Getting to know someone is a lot like making toast; don’t do it in the bathtub.
*checks Groupon for deals on exorcisms*
trust my gut? the thing that can’t even handle milk?
[campfire]
And that’s when he realized… HE FORGOT TO ENABLE WIFI AND WATCHED 5 SEASONS USING HIS DATA PLAN
[everyone screams in terror]
ME: i trained this chicken to talk
HER: let’s see
ME: what’s a male deer
CHICKEN: buck
ME: how much is 200 pennies
CHICKEN: buck buck
HER: this sucks
ME: it gets better
CHICKEN: it gets way better, Karen
6yo: Wow you look much better already daddy! Will you be able to have the stitches out soon?
Taxidermist: He will not
Little Kid: wanna hear a joke?
Me: life is meaningless without death
Little Kid: why did the chicken cro- wait what?
I don’t know who needs to hear this, but America literally invented pizza and pasta. Italy is now trying to appropriate our culture and I won’t stand for it. Last I checked Little Caesars is headquartered in Detroit, not Davos.
Me (young, foolish): refrigerator may I have a few ice cubes?
Refrigerator (old, wise): one or one-thousand, there is no few
Me: “I poop when I’m nervous.”
Doctor: “How often does this occur?”
Me: “I’m extremely nervous right now.”
We’re not supposed to bring snacks to meetings because they’re a distraction, but so far no one’s realized my mask is full of Doritos.

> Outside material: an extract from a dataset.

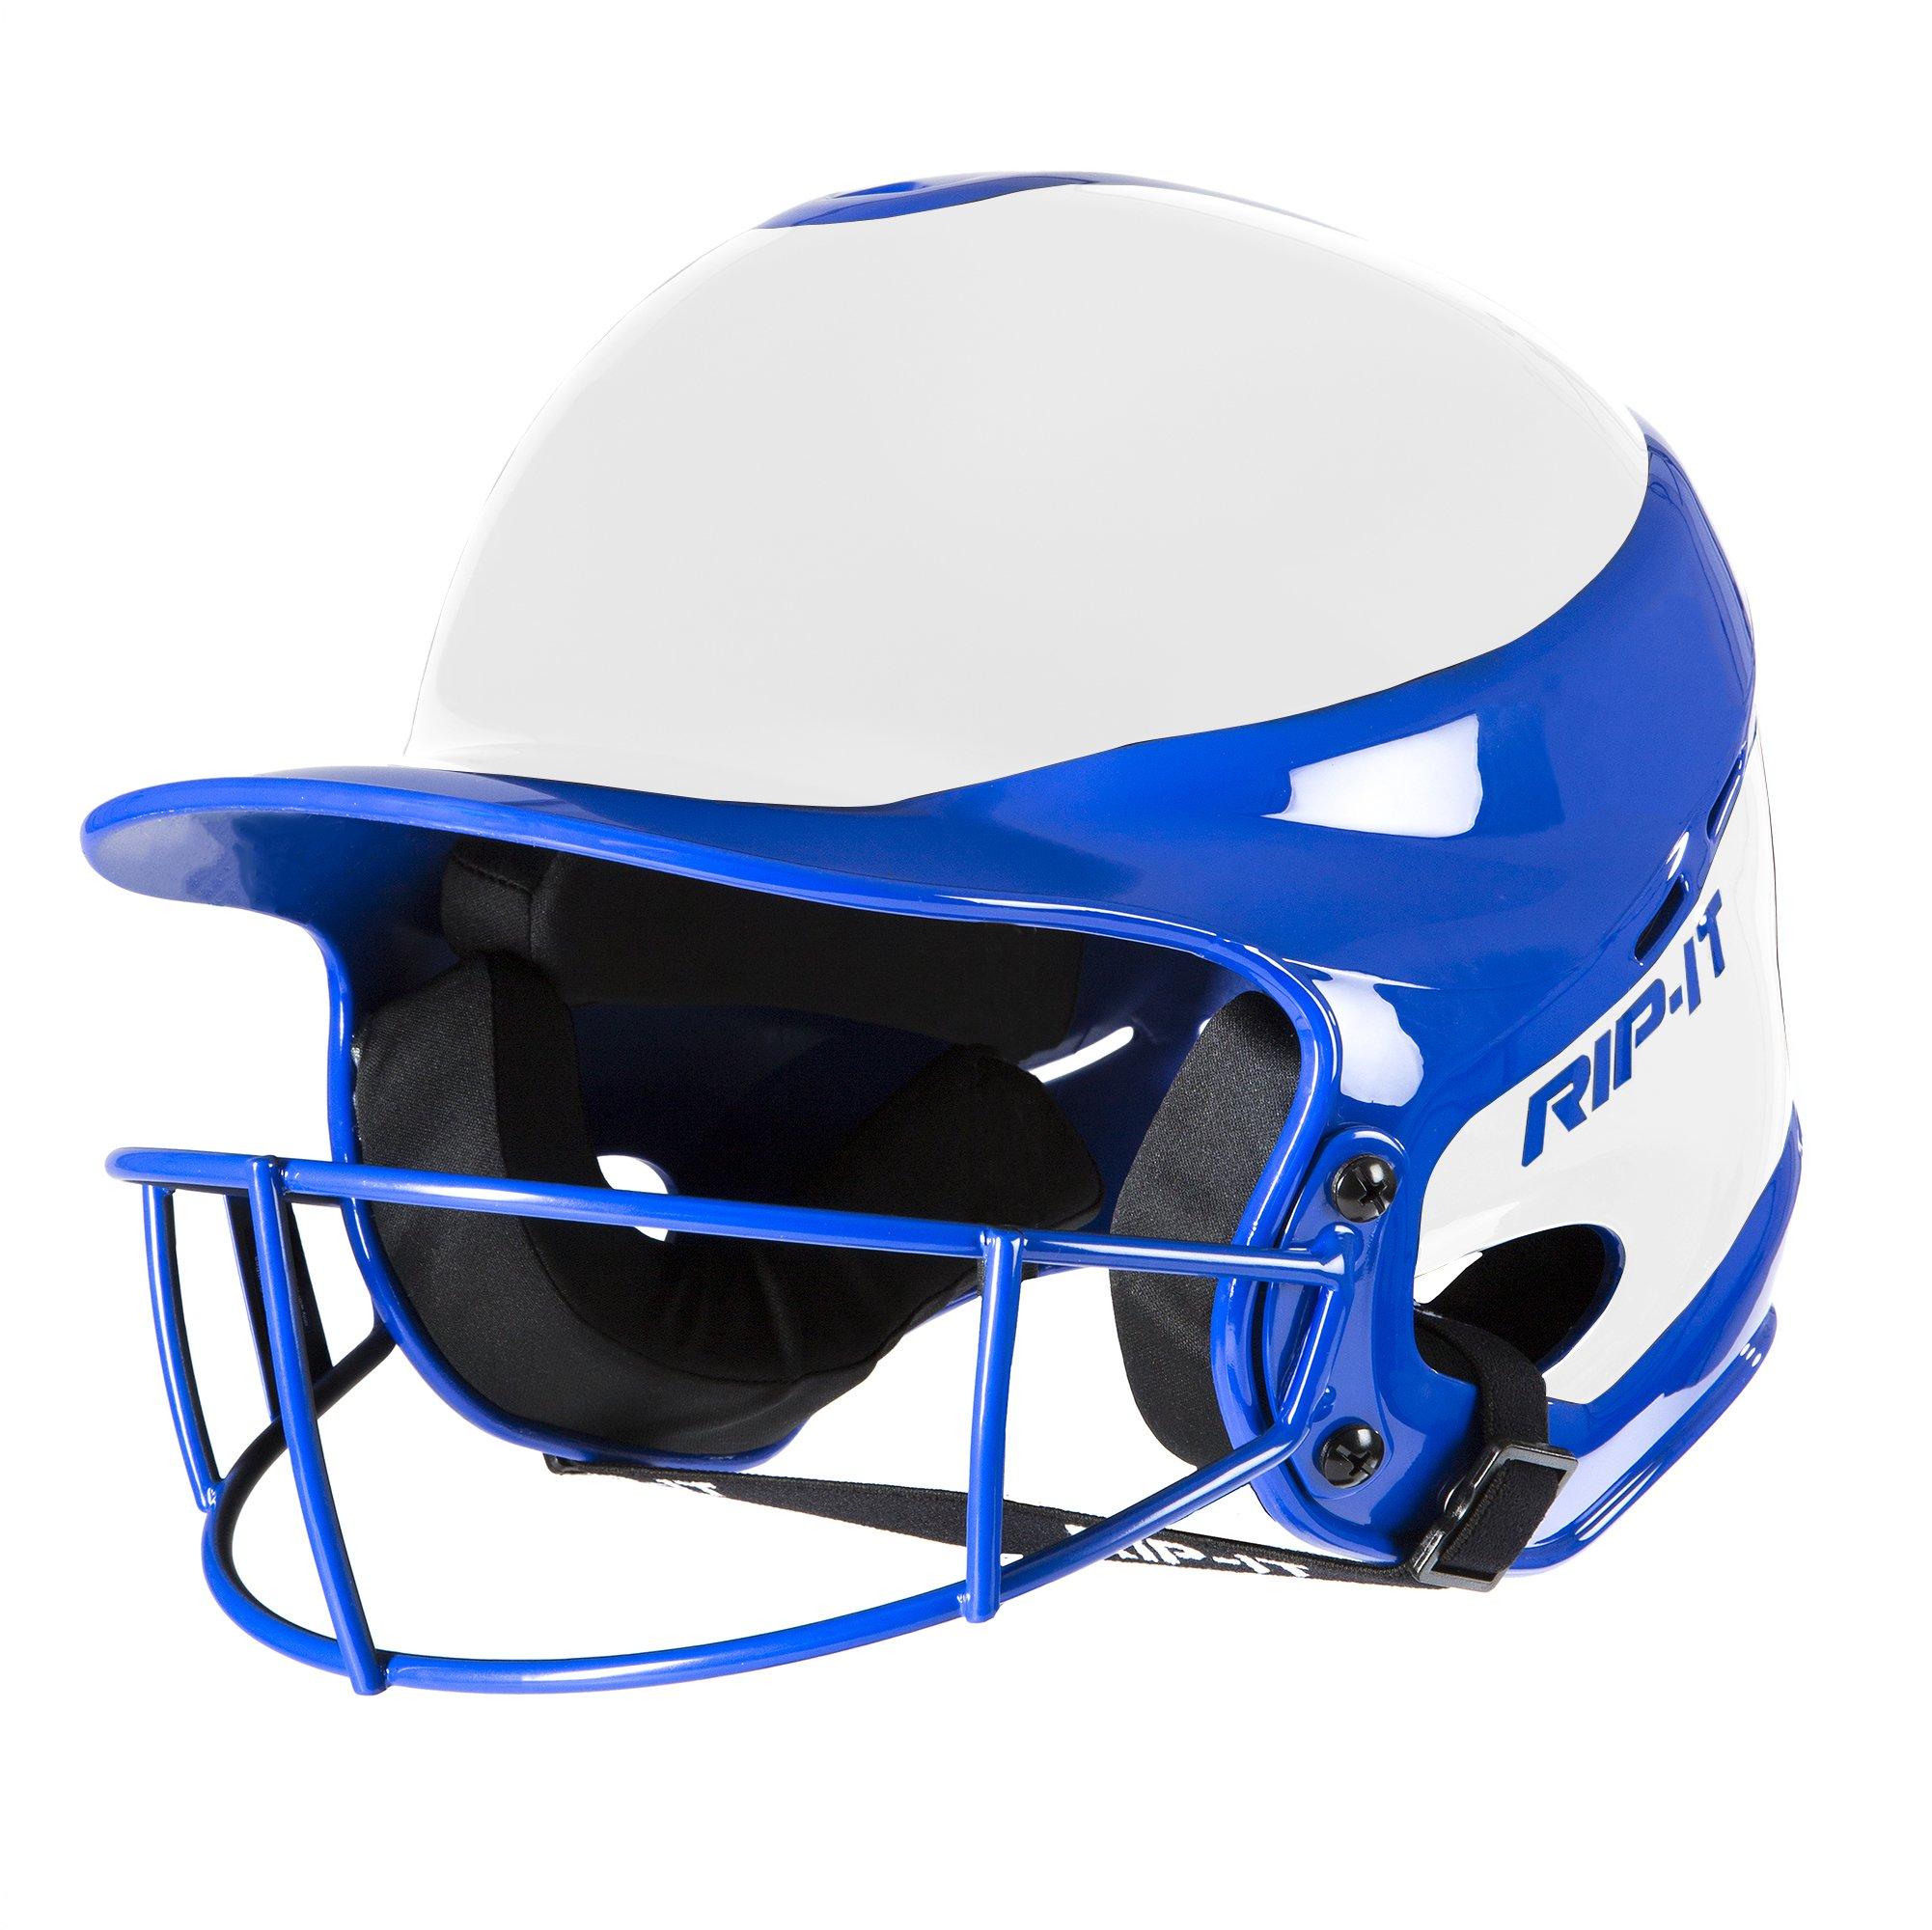 RIP-IT Vision Pro Away Softball Batting Helmet by RIP-IT

*asks Zumba instructor to sign my pizza permission slip*
Once again thinking about the most Massachusetts headline I’ve ever seen
HER: how is remote learning going
ME [sadly]: I couldn’t figure it out so I just got up to change the channels
If you want to get more out of people, squeeze them really hard.
Better than a Justin Bieber concert:
1. Being deaf.
2. A rattlesnake bite.
3. Chewing razor blades.
4. Licking a public toilet seat.
Uh, guys… I just heard from my doctor, and it’s bad news. If you’ve retweeted me recently, you should really go get yourself checked out.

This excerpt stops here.